さわるだけだ、ただ尚一のからだにふれて確認するだけ、それでがまんできると無理矢理自分を納得させた。


「尚一」またいって脇腹に手をおき、かるく折り曲げられたながい下肢に視線をおくった。
腸内からはほとんど精は排出されてしまったと思うが見ているだけでは判断のしようがなく、窮してそっと尻のくぼみに手をふれてみた。


さっきここになんども自分の腹をうちつけ、ぶつかりあっては膚が高い音をたてた。
陽物がなかを穿つこもった水音がそれをおって重なりあった。
ここに自分のものをおさめたのだと思うと息がとまりそうな心地がした。
いまではそこはただかすかにふるえつづけるだけで、やわらかいタオルであらかたぬぐってもやったからちょっと窺っただけでは淫行のなごりはそう露わではない。


指をのばして尻肉のあいだにもぐりこませ注意深く周辺をさぐりだすとはじめて尚一のまぶたが半分かたぱちりとあがった。
目はあいたもののこちらが見えているのかいないのかどうにも判然としない、どこか夢現のおももちを青白い貌のうえにうっすらとはりつけている。
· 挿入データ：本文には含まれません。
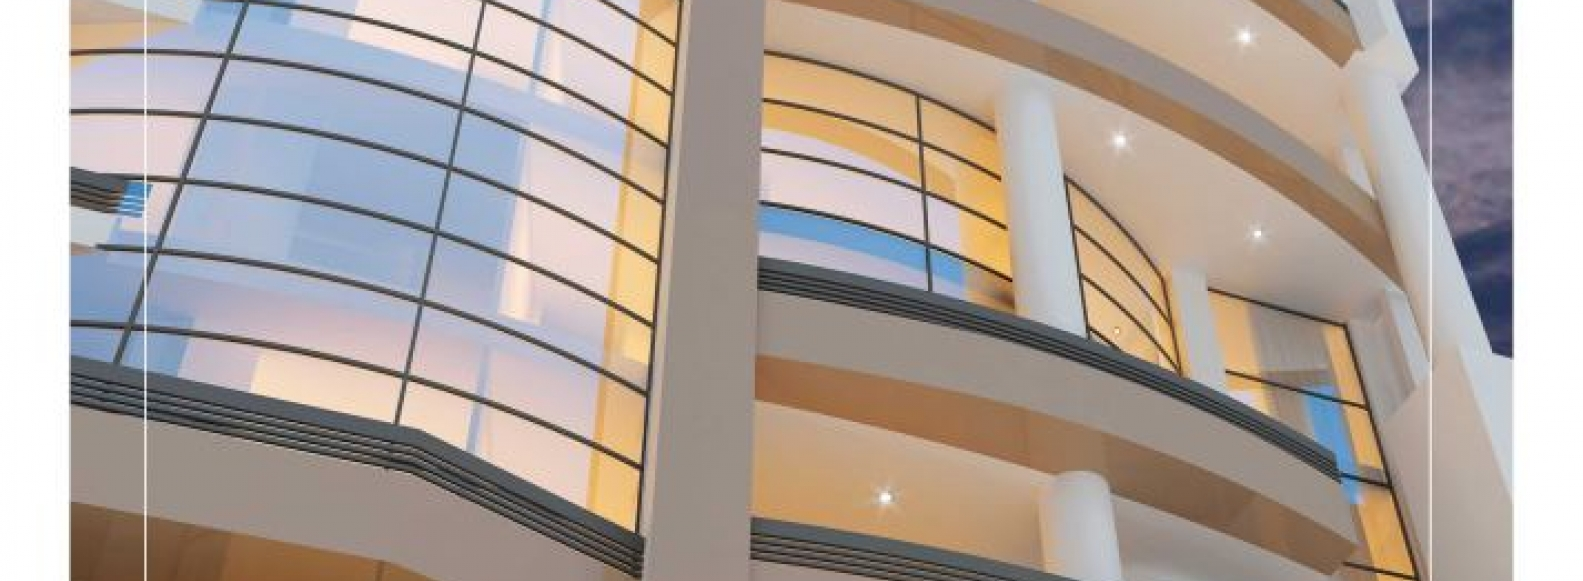 RAZ OFFICE BUILDING

すこしだけゆるんでしまっている孔に根元まで指を挿入しなかをさぐってからそっと引き抜いてみた。
ごめん、痛い? としずかに訊いた。
尚一のまぶたがまたぴくぴくと痙攣したよりない口許から吐息がもれたが、はげしい抵抗はもういっさいかえってこない。
情交の残滓はとうぜんながらぬめりながら指のさきに付着してはきたが、自分の指をつかって残っているかもしれないそれらをそこからすべてきれいに掻き出すなどとてもできた話ではなく、かといってこの状態でシャワーを浴びさせるなどもってのほかだった。
もうどうしようもなかった。


肩に口づけしこどものようにまるめられた背中に口づけしほそい腰に口づけし、尻の肉をふたたびすこしかきわけてもういちど「尚一?」と呼んだ。
うん、とやがてちいさく答がかえった。
夢のなかで名も知れぬだれかに茫昧と返答したわけではない、ちゃんと自分を水埜周二だと認めたうえでいまだ痙攣のつづくまぶたをあげて答えてくれた。
もう意識は混濁していない。


尚一、とまたもやくりかえし尻に顔をよせた。
傷ついた赤い鳥羽口に唇をよせてちゅっとかるく口づけし、舌をのばして入口をぐるりとなぞっていくと、すでに苦痛によるものではないきれぎれの溜息をひそやかにあたりにまきちらした。
それでもふるえる腰を尚一は退こうとする。


「尚一、傷だけ」ささやきをからだのうえからみじかく降らせ、なだめるように手首を片手でおさえておいてまた尻のくぼみをぬれた舌で穿った。
ふれるだけ、もうここには入れないと思いながら左手で肉を押し広げてなおも鼻先をよせ、うんとのばした舌をとがらせて孔をつつきちいさく出し入れした。
痛くない? 尚一、とそっと訊くと知らぬまに腰をゆらめかせていた尚一がすすり泣くような声をあげてこれに応じた。
快楽をあたえられているもののほどけた表情がそこにあった。
痛くない。気持いい。もっとして、もっと。とせつなそうにちいさく喘いだ。


ぎりぎりと痛みのはしる自分の陽物はほうっておいて尚一の大腿に手をさしこむと手前でゆれている友人の屹立を握りこんだ。
こんなにあふれている。しっとりとぬれている。
気持いいのならよかった。
痛くないのならよかったんだと安堵しながらそこをやさしく扱いてやり、また後孔の傷口に舌を這わせると掌のそれがどくんとおおきく脈動したのがわかった。
ほどなく亀頭がぴくぴくと蠢き、周ちゃん、いく、とつまった声で訴えた、いいよと低声で答えたらもう陽物が掌でびくんと跳ねて腎水がとんだ。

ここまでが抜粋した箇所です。